Around the end of last year, these people reported receiving questionnaires from organizations such as the Communist Youth League, the Chinese People’s Political Consultative Committee (CPPCC), local authorities and their respective employers.
The forms ask for information about relatives with foreign citizenship or permanent residence abroad, as well as information about foreign assistance or experience, the people said, adding that this was the first time they had received the requests.
Portal saw one of the questionnaires but could not fully determine how authorities used the data.
The measures come as China ramps up public communication about foreign influence.
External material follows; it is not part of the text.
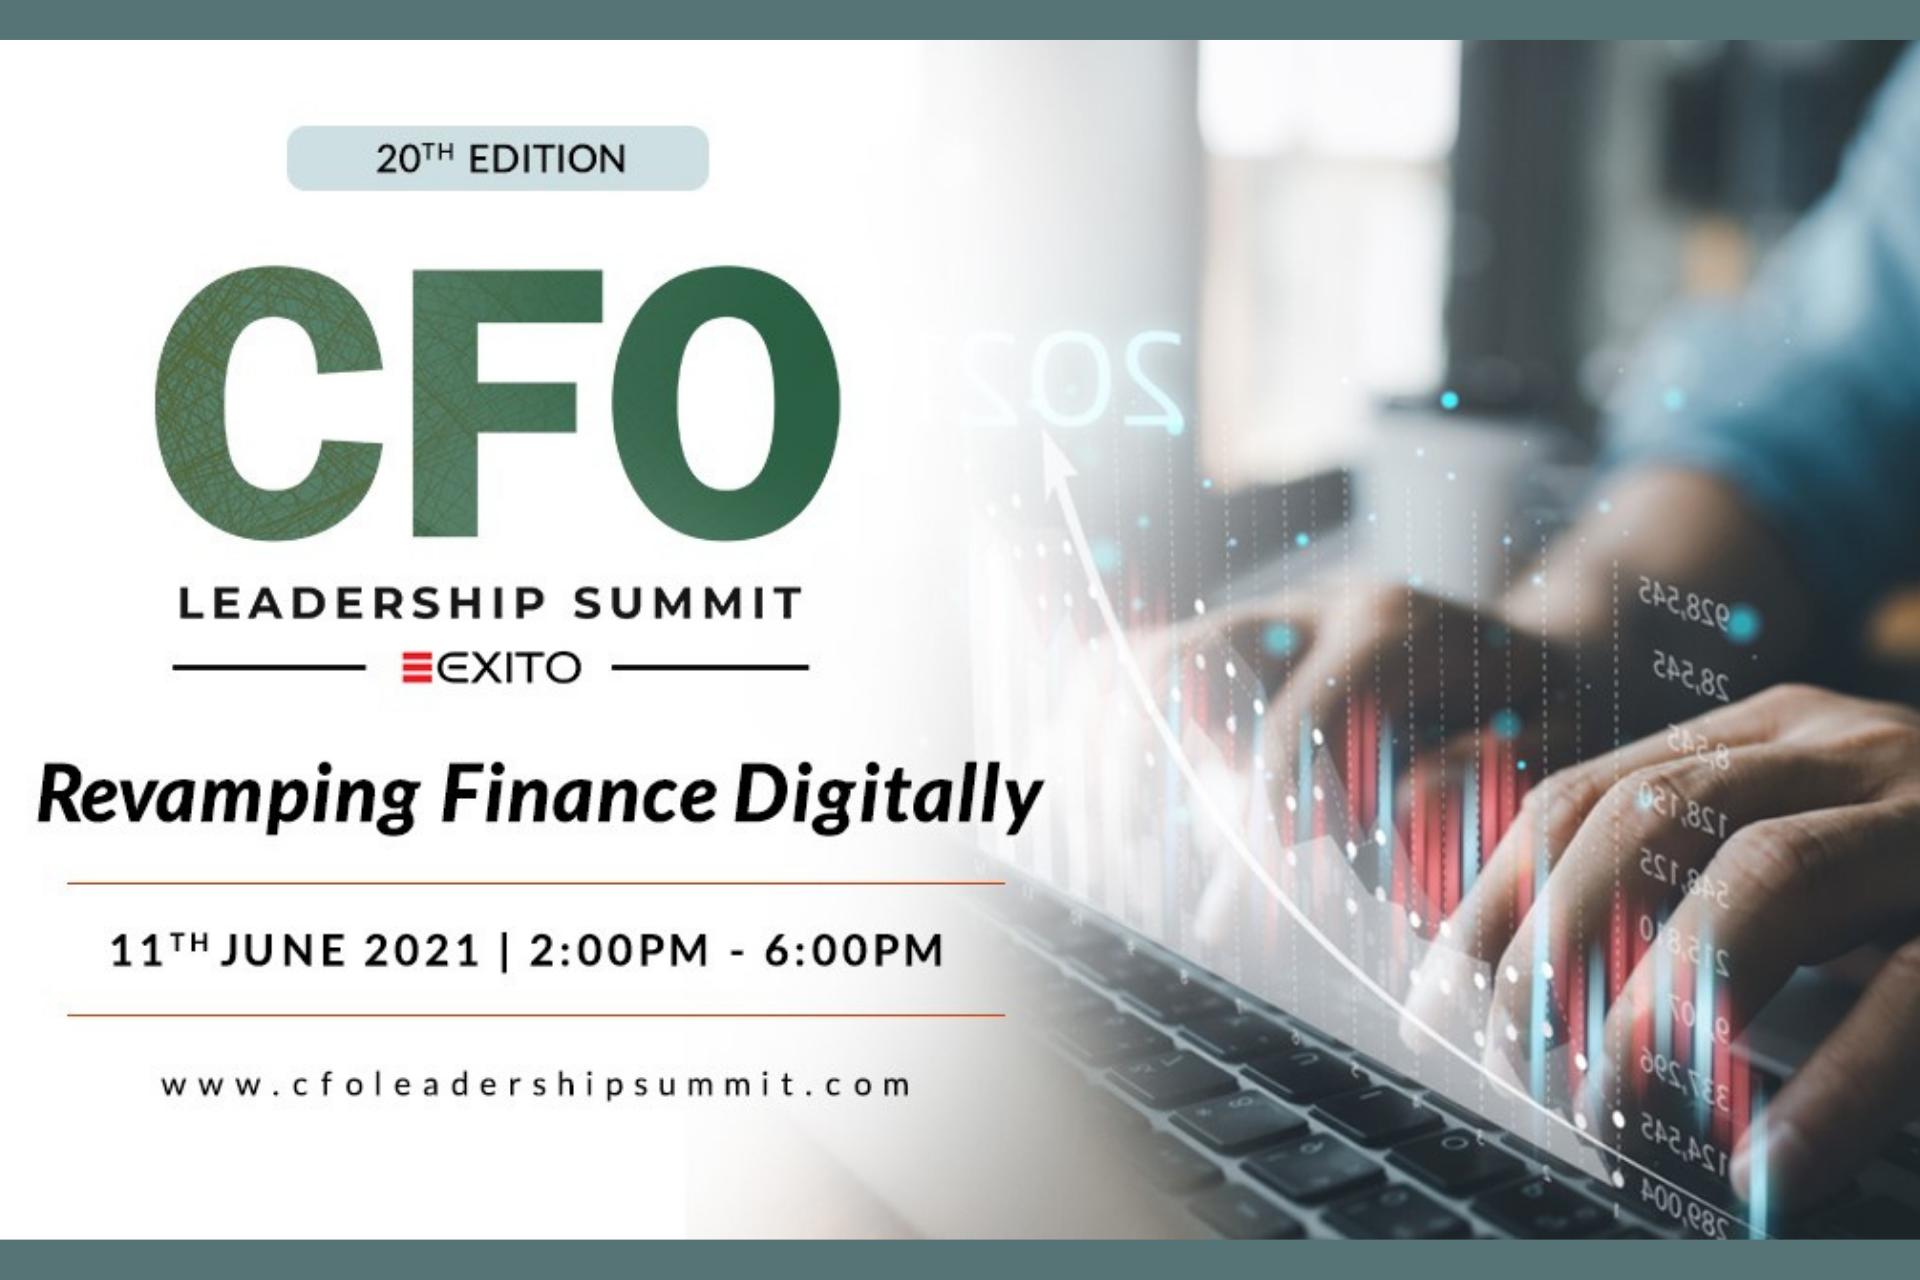 20th Edition CFO Leadership Summit: revamping finance digitally

In August, the Ministry of State Security said on its recently created WeChat account that it had identified a Chinese national in Italy suspected of spying for the US Central Intelligence Agency and warned of the possibility of Chinese nationals being imprisoned Recruit abroad.
The CIA did not respond to a request for comment.
Thomas said travel restrictions in particular are having an impact on China’s interactions with the world.
“The fewer Chinese officials go abroad, the less they can learn from the good things foreign governments do, the less familiar they are with foreign societies, and the less they understand how China is truly perceived in the world,” he said said.